Frederick Sanger is the only person to win two Nobel Prizes in Chemistry, and he is among the most technically inventive scientists in the history of biology. Where Curie and Bardeen made conceptual breakthroughs — discovering new phenomena, developing new theoretical frameworks — Sanger’s genius was methodological. He invented two techniques that transformed what biology could do, each so powerful that it earned him the highest recognition in science.

Sanger was born in Rendcombe, Gloucestershire in 1918, the son of a Quaker doctor. He was quiet, self-effacing, and almost aggressively modest — a man who described himself as “not academically brilliant” and attributed his success to persistence and the willingness to try things that might not work. He spent his entire career at the Medical Research Council Laboratory of Molecular Biology in Cambridge, one of the great scientific institutions of the twentieth century.

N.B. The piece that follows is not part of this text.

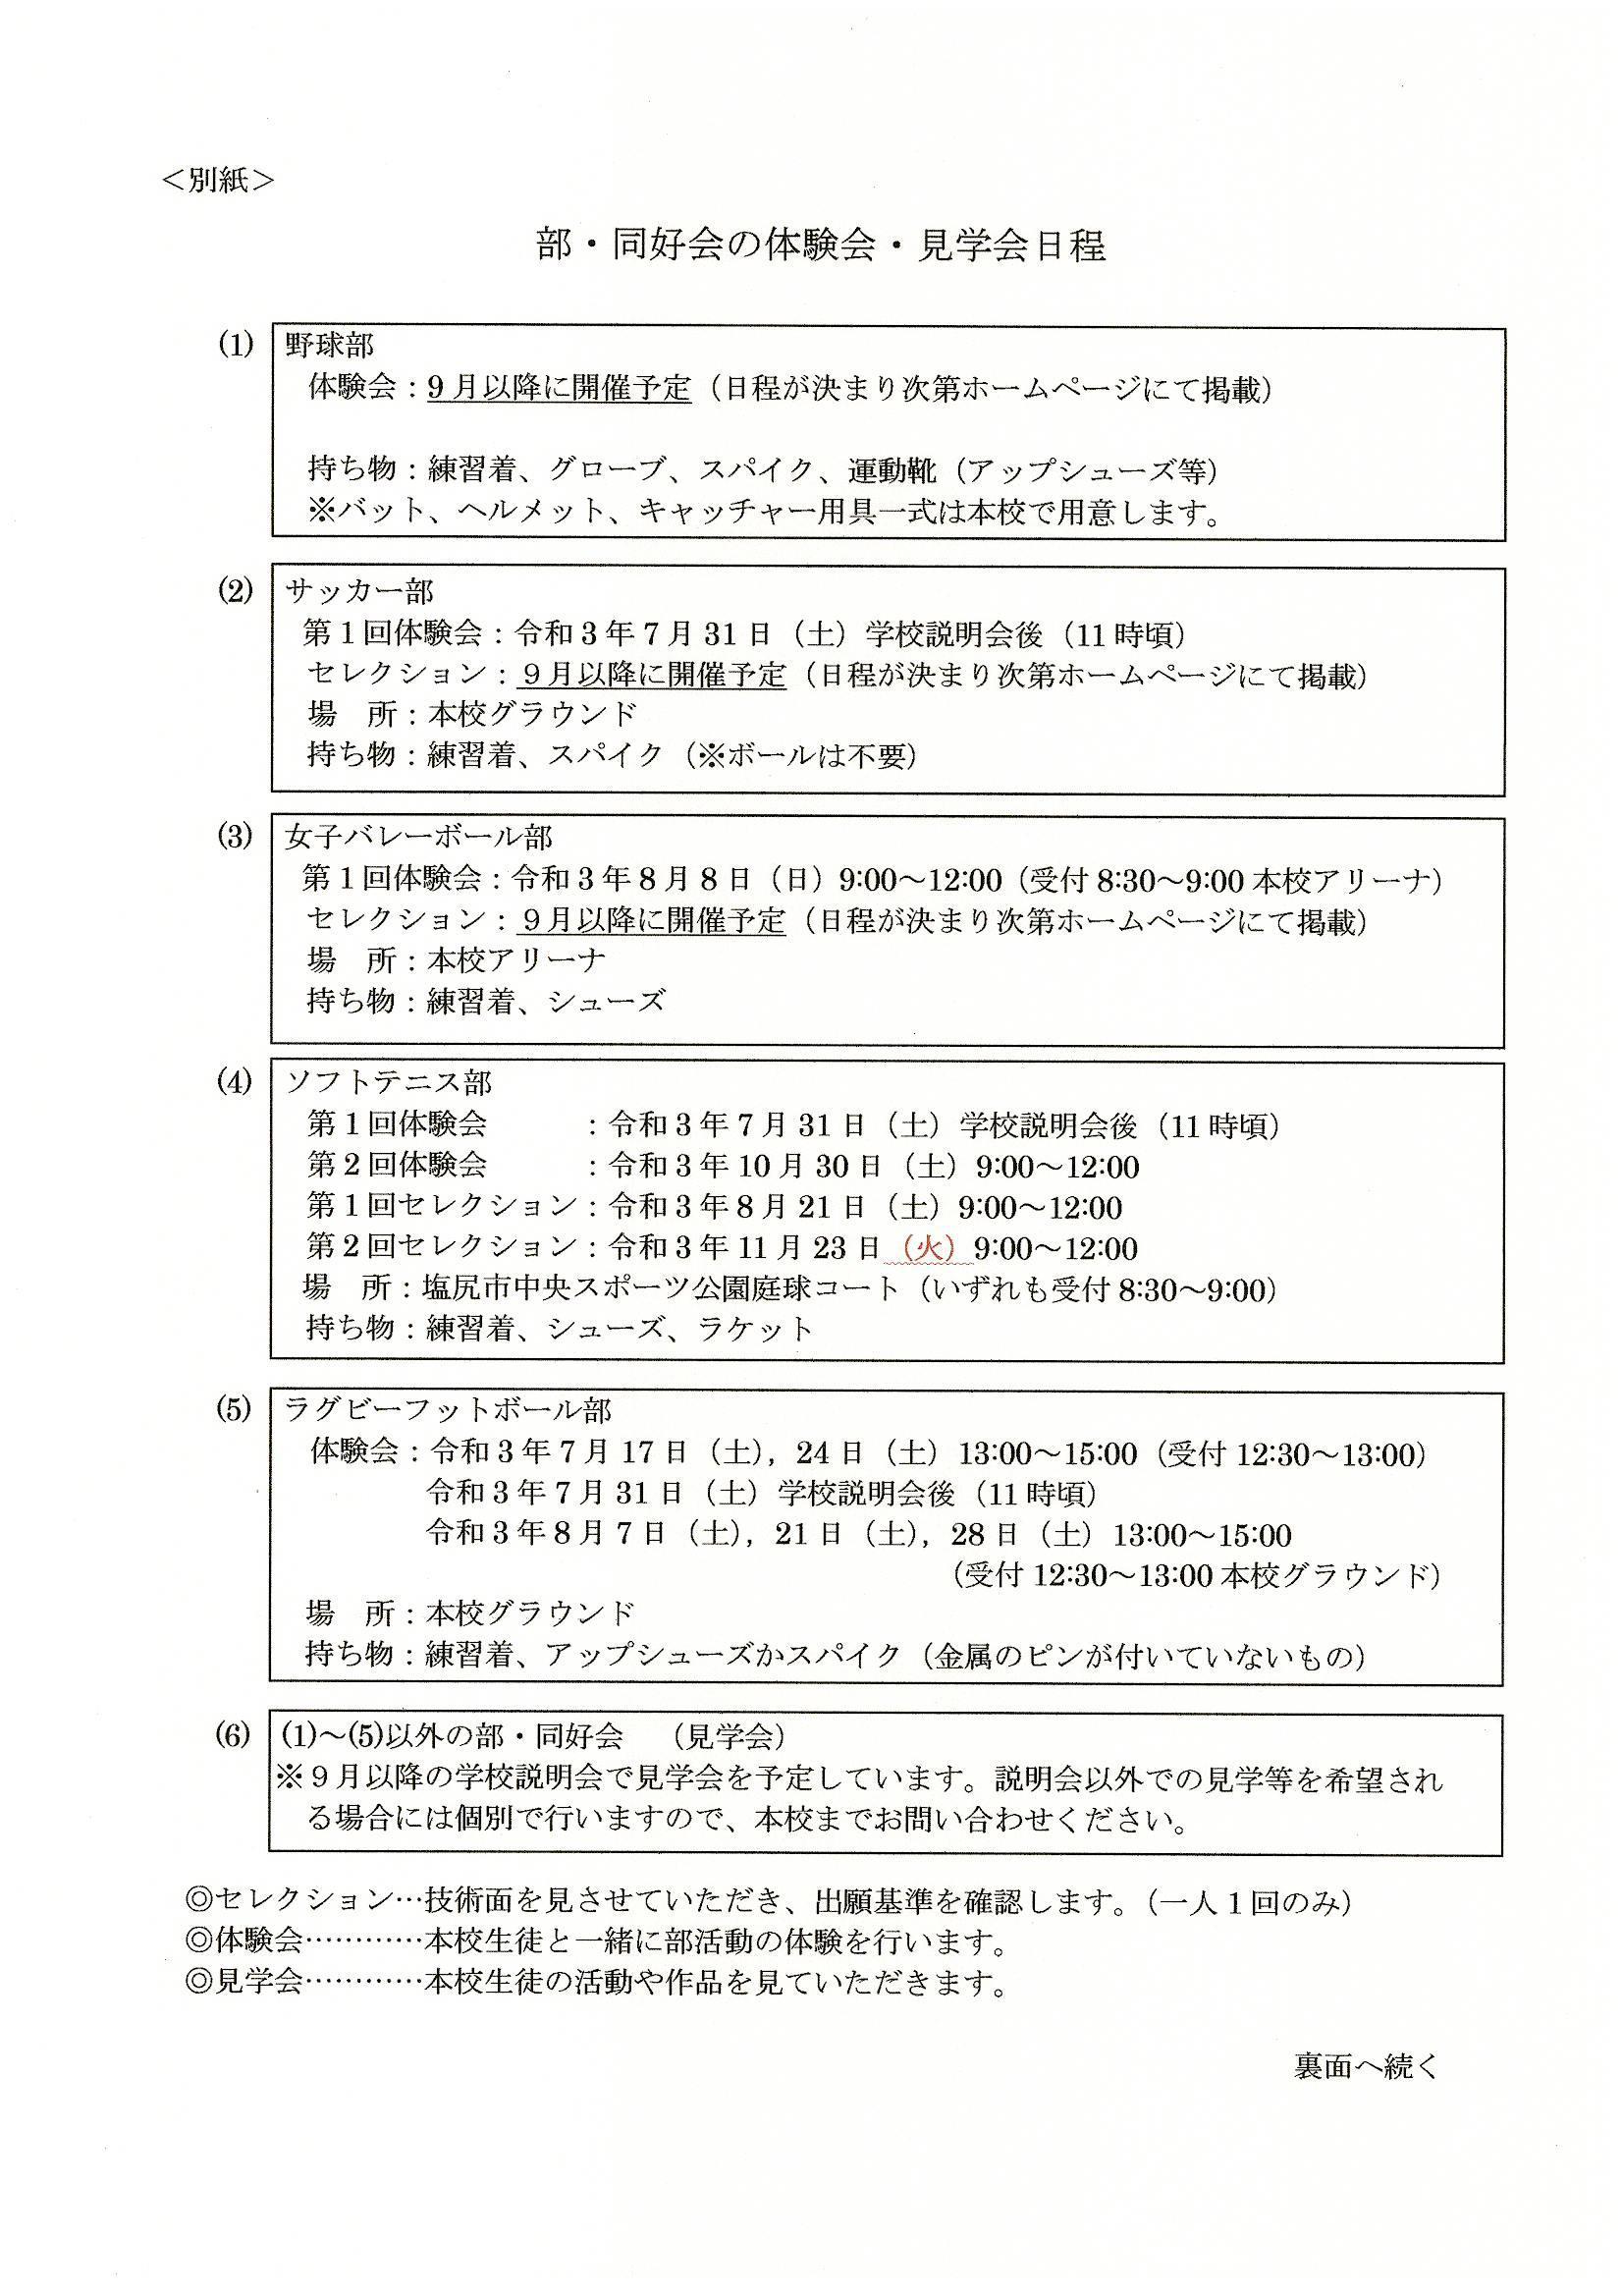 SCAN-0516.jpg

His first prize came for solving a problem that had defeated biochemists for decades: determining the amino acid sequence of a protein. Proteins are chains of amino acids folded into specific three-dimensional shapes, and their sequence determines their structure and function. But in the late 1940s, no one knew how to read that sequence. Sanger spent ten years developing chemical methods to systematically break insulin — chosen for its relatively small size — into fragments, identify the fragments, and work out the order in which they connected. In 1955 he published the complete amino acid sequence of insulin — the first protein ever sequenced. The 1958 Nobel Prize in Chemistry was awarded to him alone for this work.

He then turned to an even more ambitious target: DNA. If amino acid sequencing had been difficult, DNA sequencing seemed nearly impossible. DNA molecules are enormously long — human chromosomes contain hundreds of millions of base pairs — and the chemistry is more complex. Through the 1960s and 1970s Sanger developed increasingly powerful methods for reading DNA sequences, culminating in 1977 with the Sanger sequencing method — a technique using modified nucleotides that terminate DNA chain elongation at specific points, producing fragments of known length that can be separated and read.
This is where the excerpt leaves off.